After being on furlough for months I have just been made redundant from my job as a part time secretary. I had been there over 20 years, and was one of the longest serving staff members. I enjoyed the work and liked most of the people there, so I feel quite down about losing my job.
My redundancy payment is a decent sum, so will tide me over for a few months, but I'm in my late 50s so I think that getting another job will be hard, especially with so many others losing their jobs during the pandemic. Also, I actually feel a bit fearful of putting myself out there, attending interviews, etc, especially with the infection rates rising. For the same reason I'm nervous of doing any voluntary work which would involve a lot of contact with strangers, as I am of an age where I might not shrug off the virus easily. I'm too young to retire, and won't have any pension for years, so I have to get my head around the job search issue. Perhaps I could get a job as a home based typist - has anyone else gone down this route?

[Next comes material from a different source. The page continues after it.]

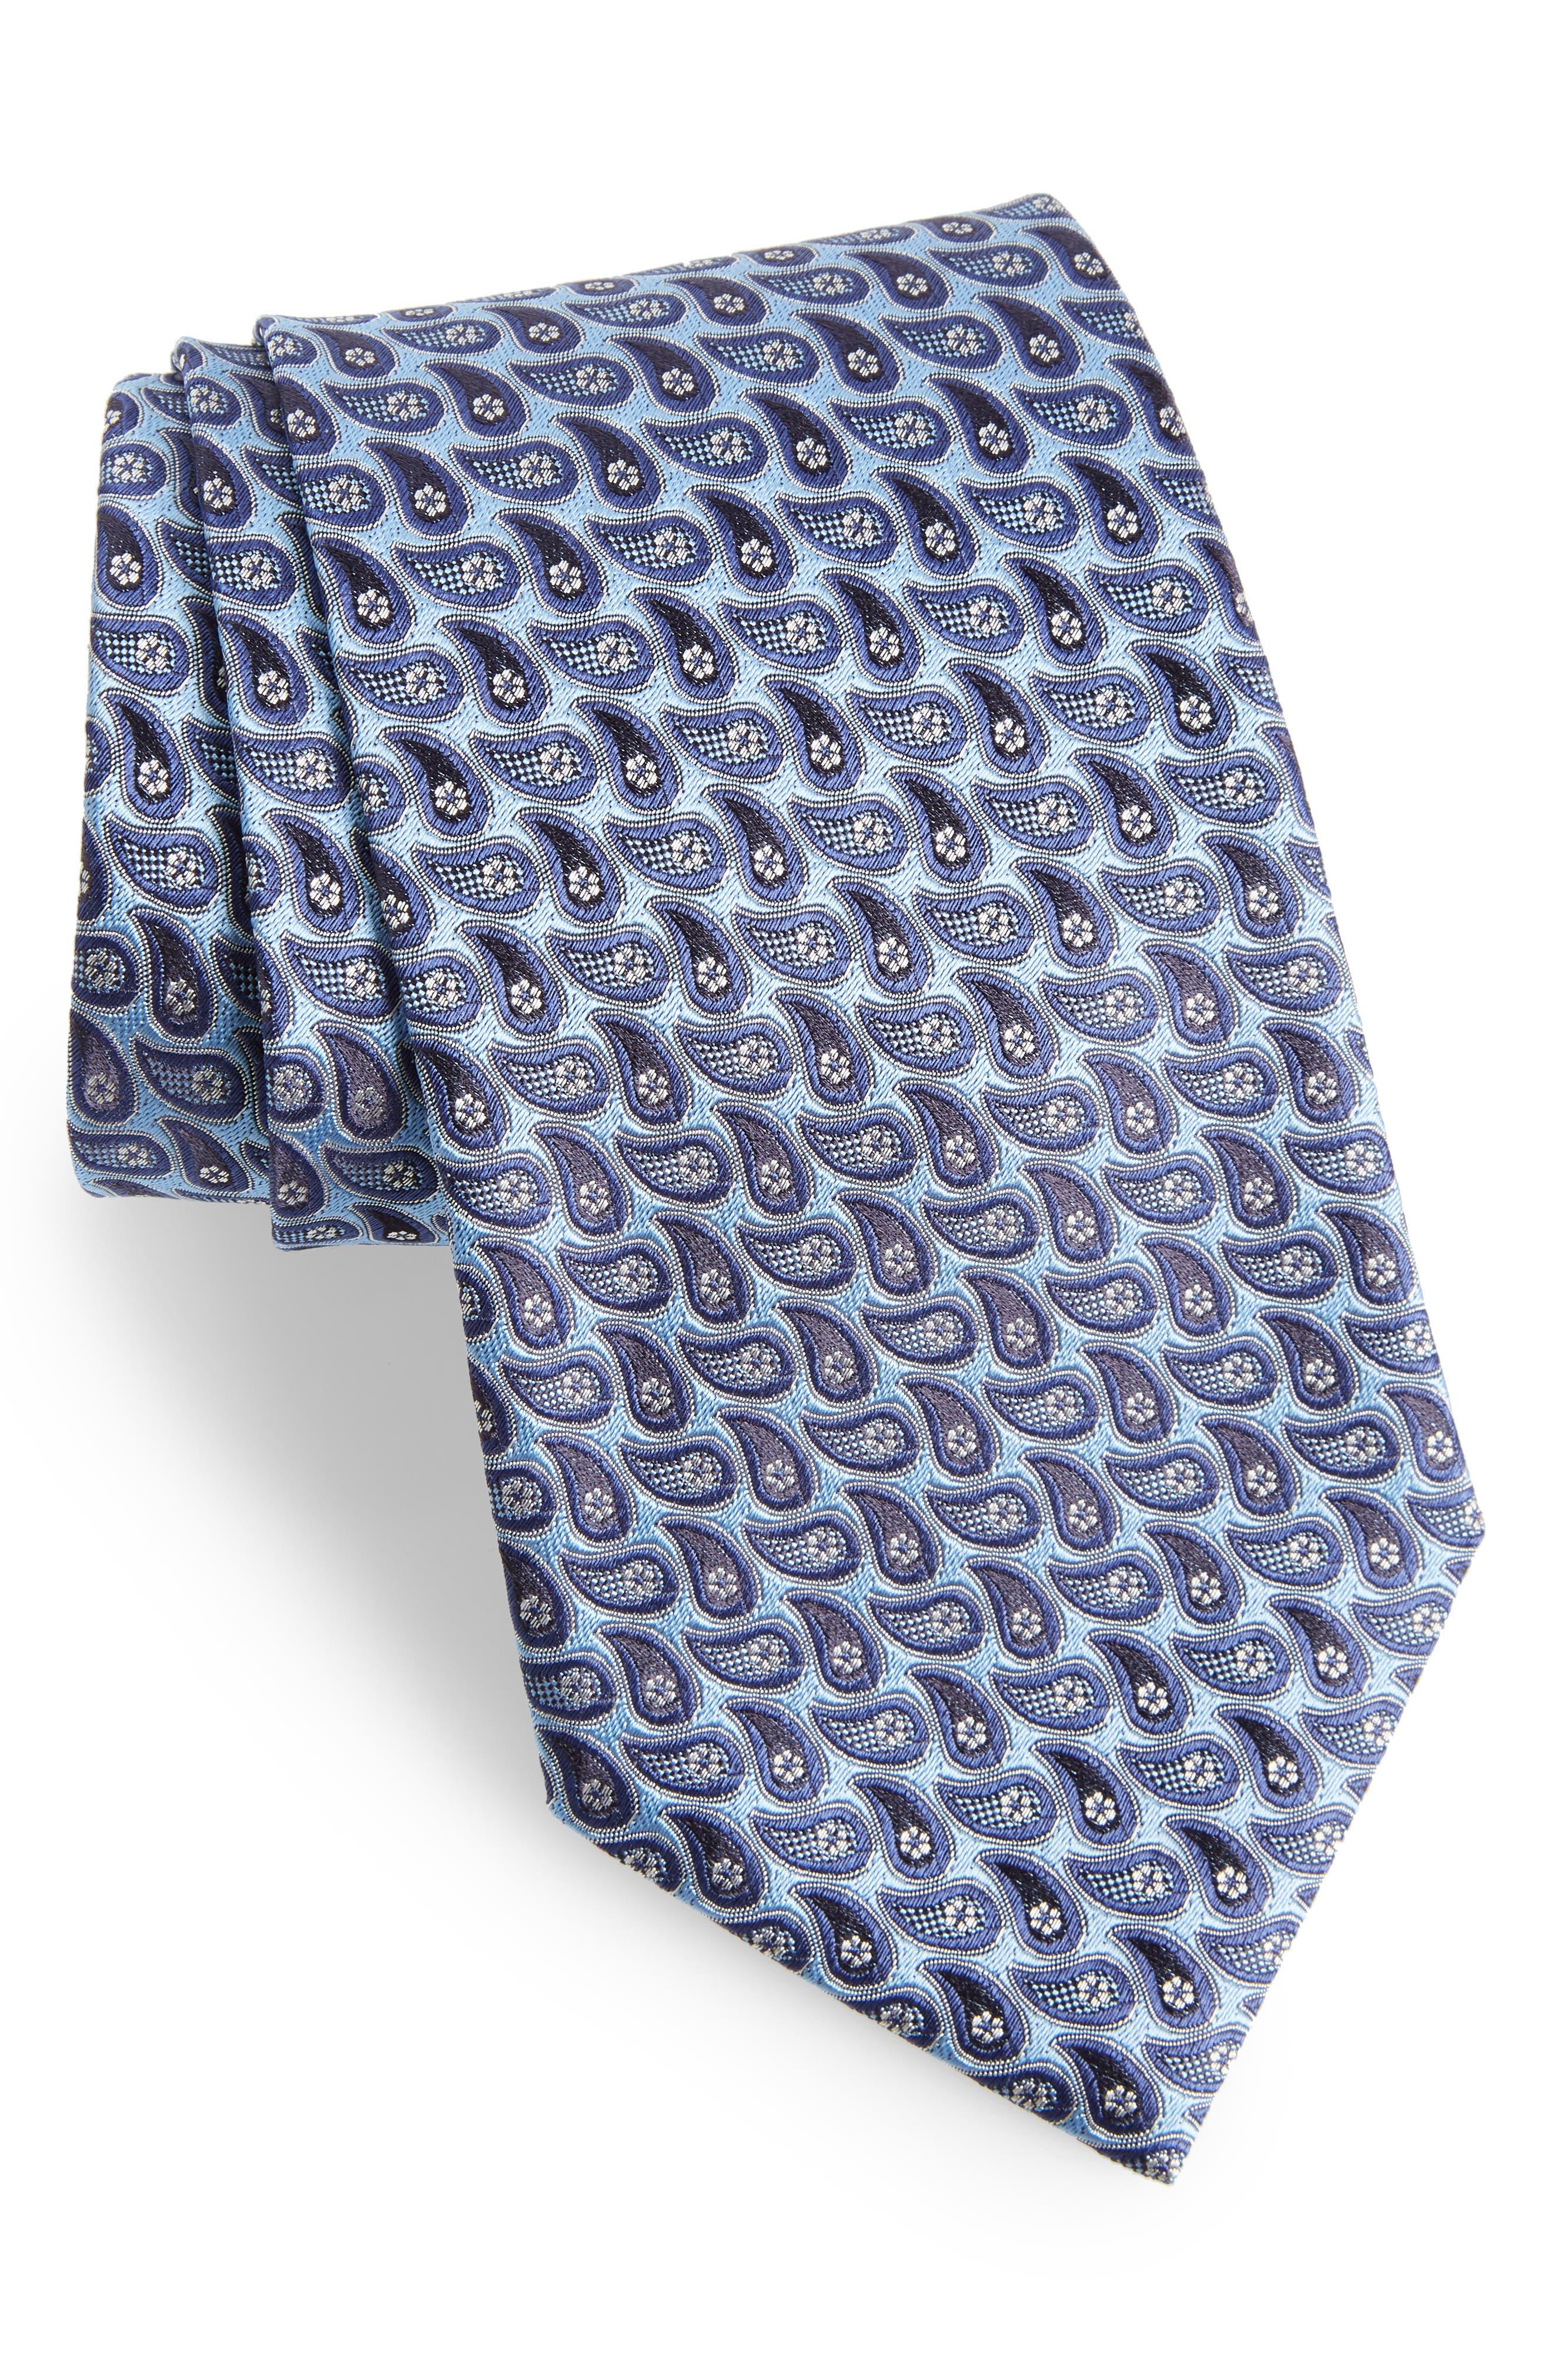 ERMENEGILDO ZEGNA, Geometric Paisley Silk Tie, Main thumbnail 1, color, BLUE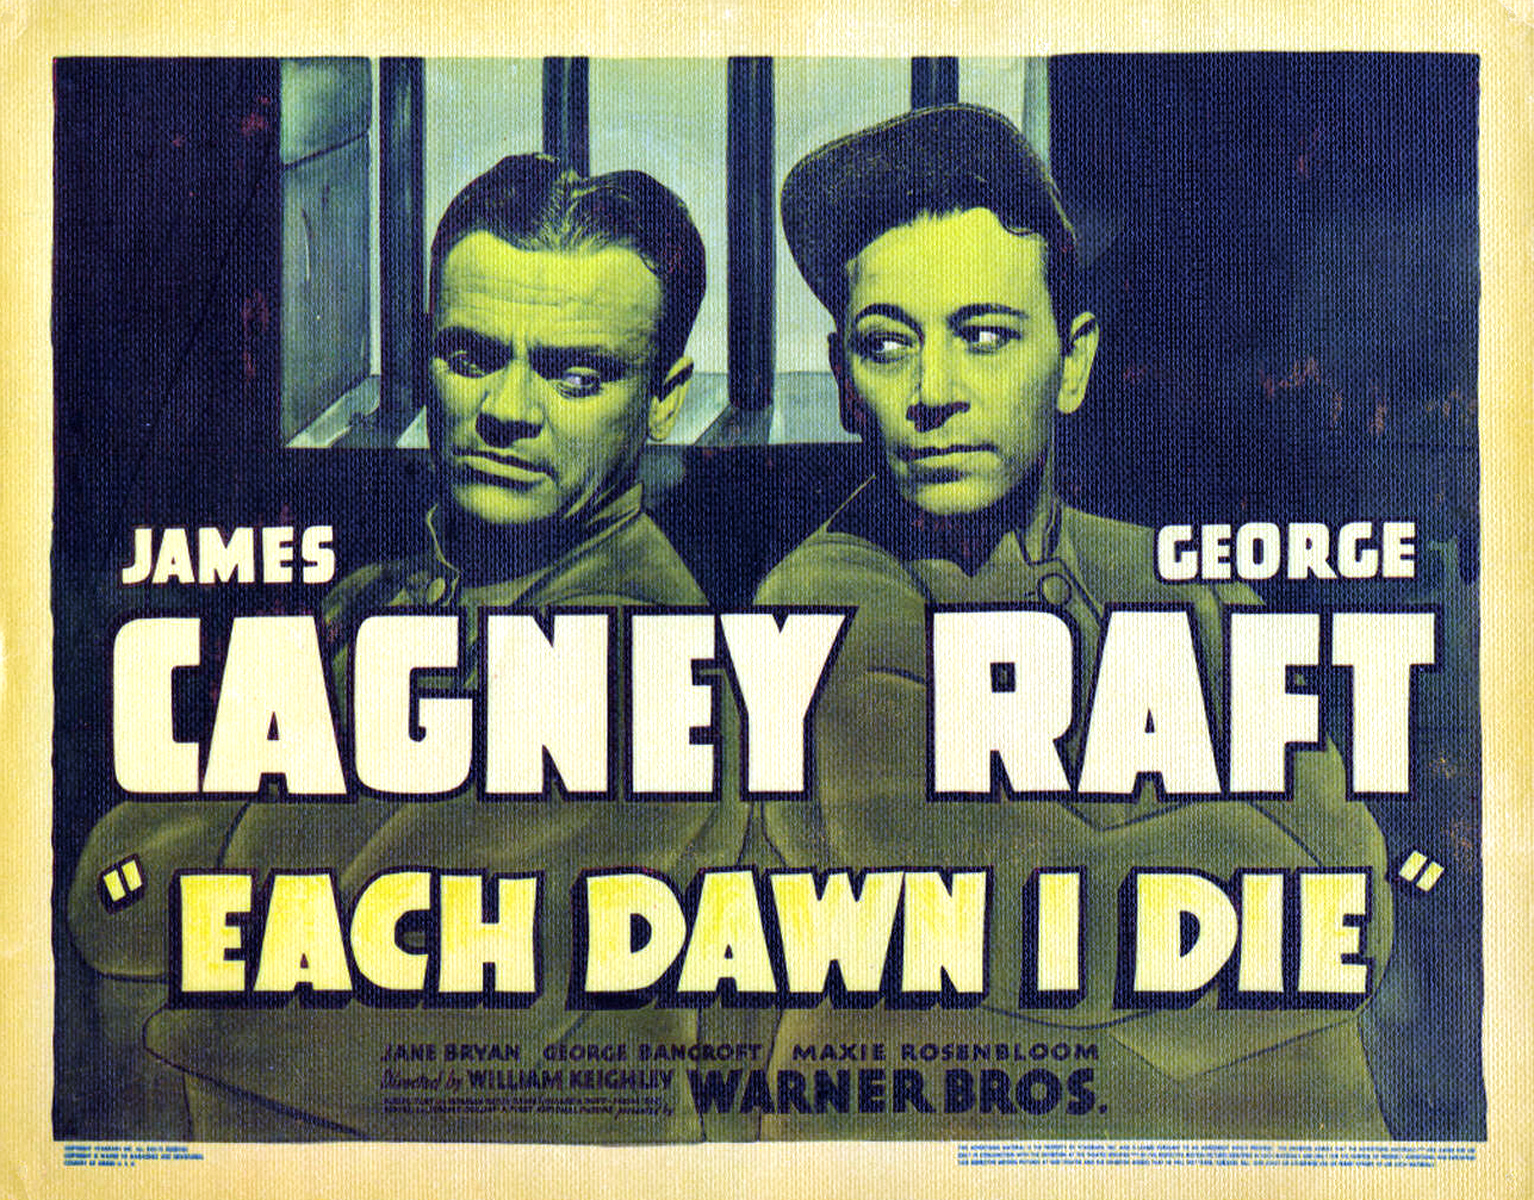 Original-release (1939) lobby card

Due to Covid, the office had greatly reduced the number of desks, so when I went into the office to return my laptop etc there were very few people around. My line manager met me to tie up the loose ends and I emptied my locker. He said some nice things about what a good worker I had been, and gave me a small card with a gift voucher inside. He was the only person who had signed it. I was grateful he'd made some sort of effort for me, but couldn't help thinking about all the other times when people had left the firm, when they had been made a huge fuss of, had been given gifts and flowers, and a huge card with lots of personal messages written inside. I know that things are different now, because maybe people are loathe to pass a card around and sign it, and fewer people are in the office anyway, but I couldn't help feeling a bit hurt that nobody else had even signed the card. A small thing in the grand scheme of things, considering all the awful things that people are going through right now, but it made me feel like I'd been cast aside without a second thought.
During furlough I had no contact with anyone from the office apart from occasional emails from my line manager, so I am totally in the dark as to who else has been made redundant, although I'm told that others are also going. There was no way for me to talk things through with others in the same boat (if indeed there were any), and there is no way of knowing whether my employer just used Covid as an excuse to justify getting rid of me, so I keep wondering about these things.
So, I'm a bit down about all this, and would welcome feedback from others going through the same thing. Posted in AIBU for traffic.